Perhaps the biggest savings will come in through-life maintenance and upgrade cost reductions and integrated logistics support simplification. GVA will create an increasingly open market for military vehicle components and subsystems, which in turn will drive a more competitive market and lead to cost reductions. Simultaneously, innovation will increase as suppliers work to differentiate their solutions.
Systems will also become easier to enhance because integrating new functionality is as simple as defining an extension of the data model. The logical data bus of DDS ensures that new data providers and consumers can be discovered dynamically by the system. A new function can select the data it needs from the data bus while adding itself as a provider of new sets of data to the vehicle environment. For full realisation of the benefits of a new function, existing subsystems may need to be enhanced. This is addressed in one of the key principles of the GVA as defined in Def Stan 23-09, which ensures that leveraging such functional enhancements should merely be a matter of a software upgrade.

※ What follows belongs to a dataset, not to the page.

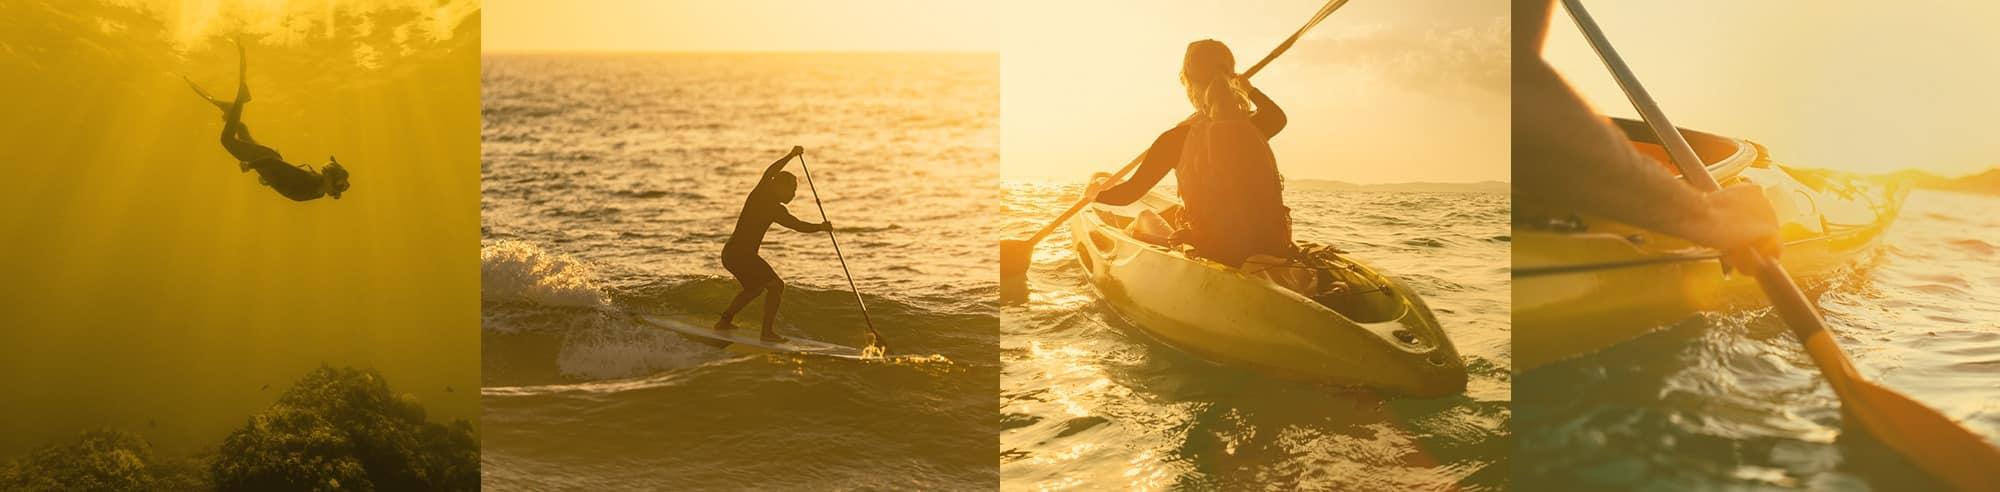 Sporty wodne bielizna BARE ExoWear ECN divers24.pl

The MoD has set a world-leading example of how to manage defence procurements in the face of new threats as the enemy becomes increasingly shrewd in leveraging their asymmetric capabilities. With GVA and Def Stan 23-09, the MoD has a procurement strategy for delivering military vehicles that are coherently designed, while maximising utility and enabling field command to get the best logistically out of its assets. The architecture empowers field command to plug-and-play to adjust to rapidly changing threat profiles.
Through GVA, the MoD has been able to respond proactively, successfully addressing procurement support requirements for military vehicles. What is most impressive, however, is that IOA will drive a more competitive procurement framework for future military vehicles, promising to reduce both the up-front and through-life costs of these systems of systems, while in turn increasing the opportunity for innovation and technology adoption in new subsystems.